Nearly Half Of Chicago's Young Black Men Are Unemployed, Out Of School
Chicago is one of the worst major cities in the country for young black men, according to a new study that the Alternative Schools Network commissioned from the the University of Illinois Chicago Great Cities Institute. Almost half of black men in Chicago ages 20 to 24 were both unemployed and out of school in 2014, according to the study.
The exact percent of black men in this age group who weren’t in school or working (46.7 percent) was more than twice the nationwide rate for the same demographic in 2014 (18.2 percent). It was also at least 10 percentage points higher than it is for the same demographic in New York City and Los Angeles circa 2014.

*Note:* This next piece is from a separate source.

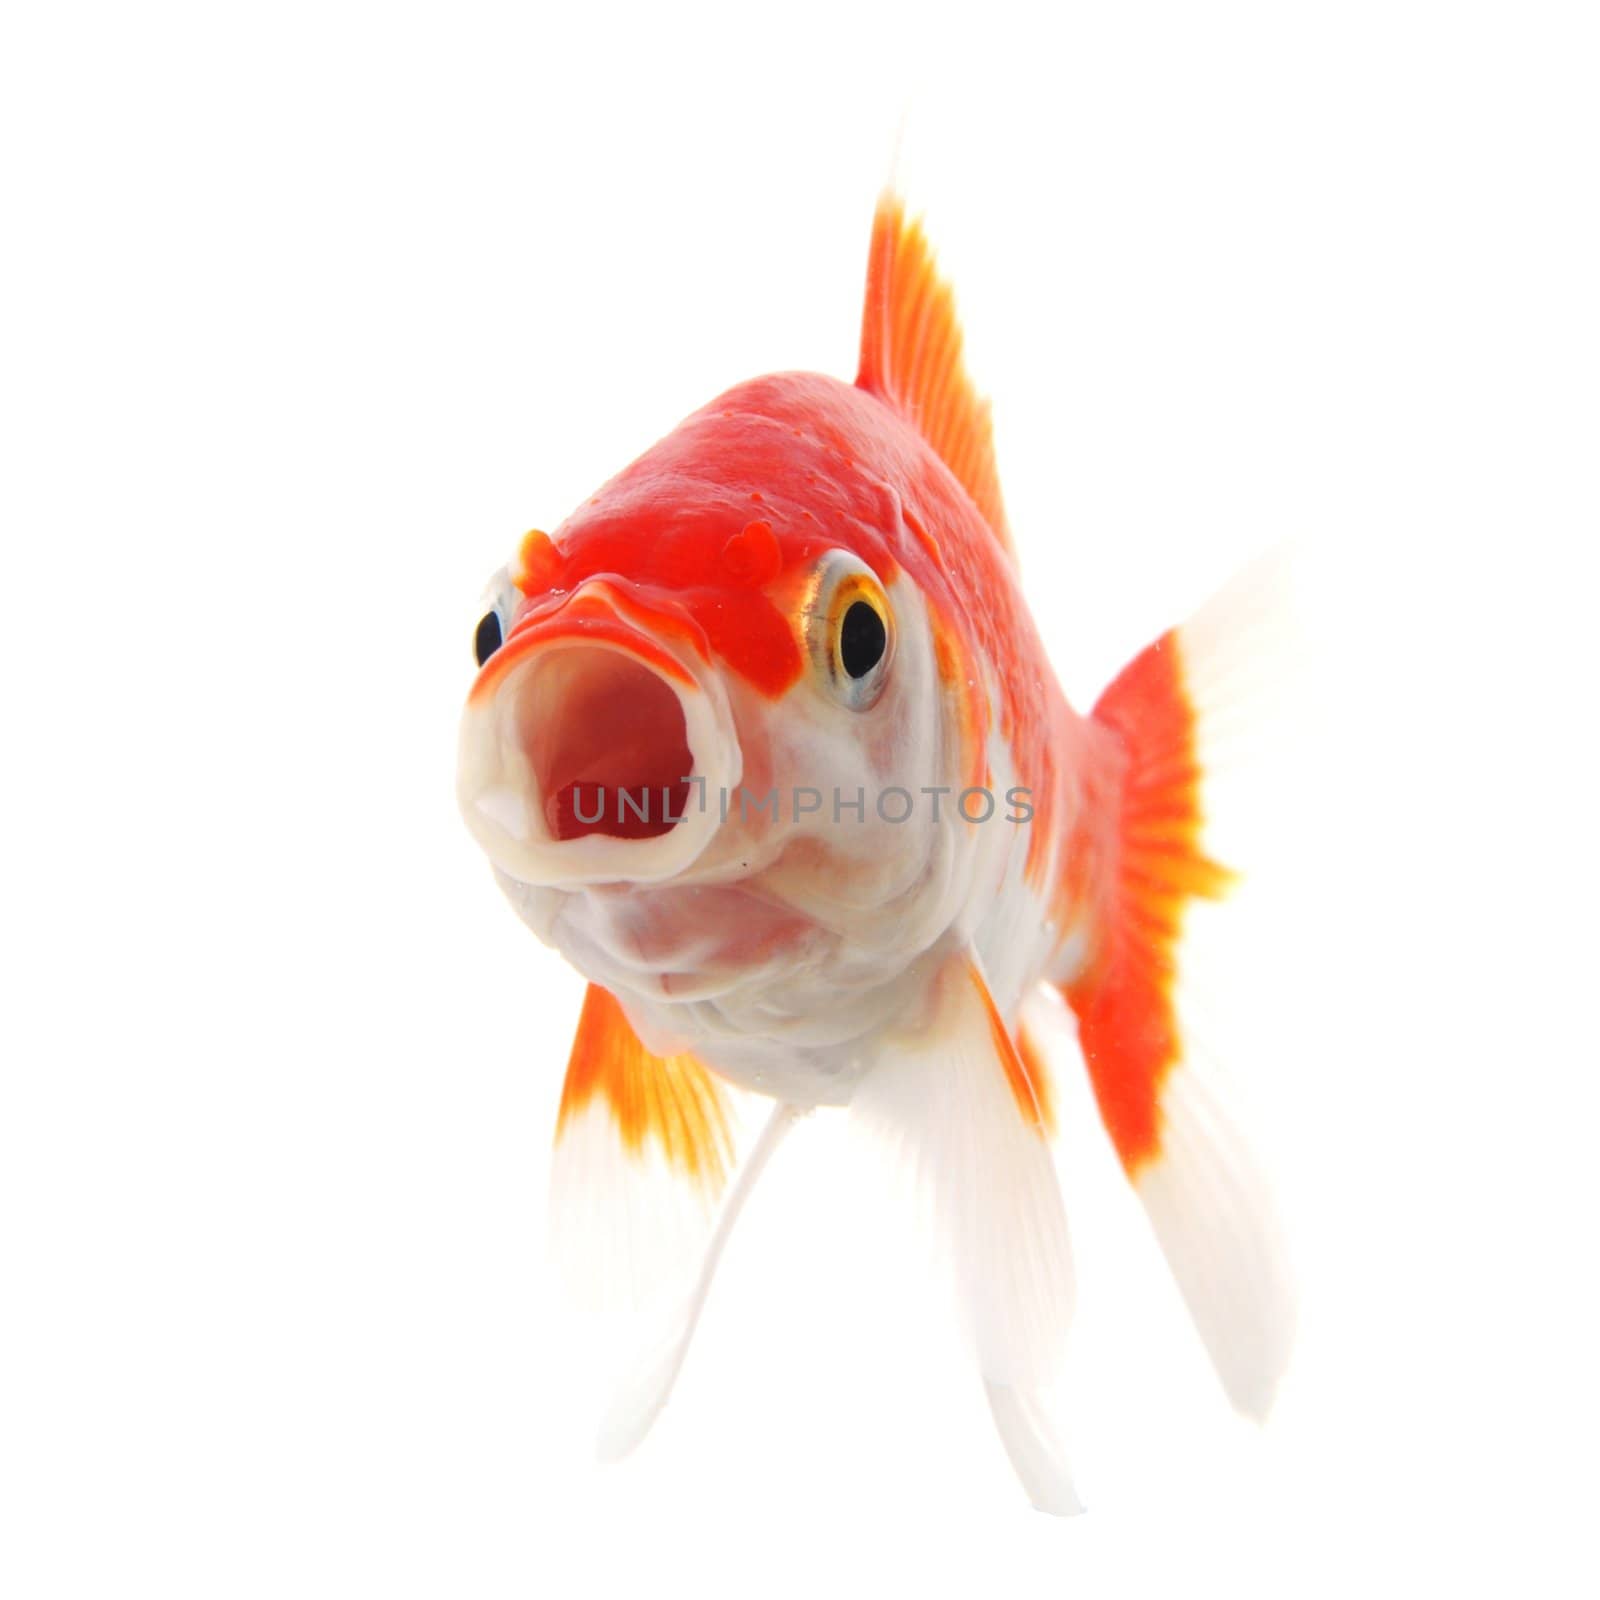 single goldfish animal isolated on white background

Not only were young black men in Chicago less likely to find work or educational opportunities than young black men elsewhere—they were also less likely than young black people generally. Black people in Chicago, ages 20-24, are out of work and unemployed at a 40.9 percent rate.
These statistics suggest a starkly tilted professional playing field in Chicago, especially when compared with the percentages for Hispanic and white Chicagoans in the same age range who are out of school and work—18.7 and 6.7 percent, respectively.
The dearth of opportunities for young black people has ramifications on their later years, too, the study argues, often correlating with unemployment and low wages later in life, as well as general unhappiness.
The data for this study came from the 2014 American Community Survey—a component of the US census—and other public use files.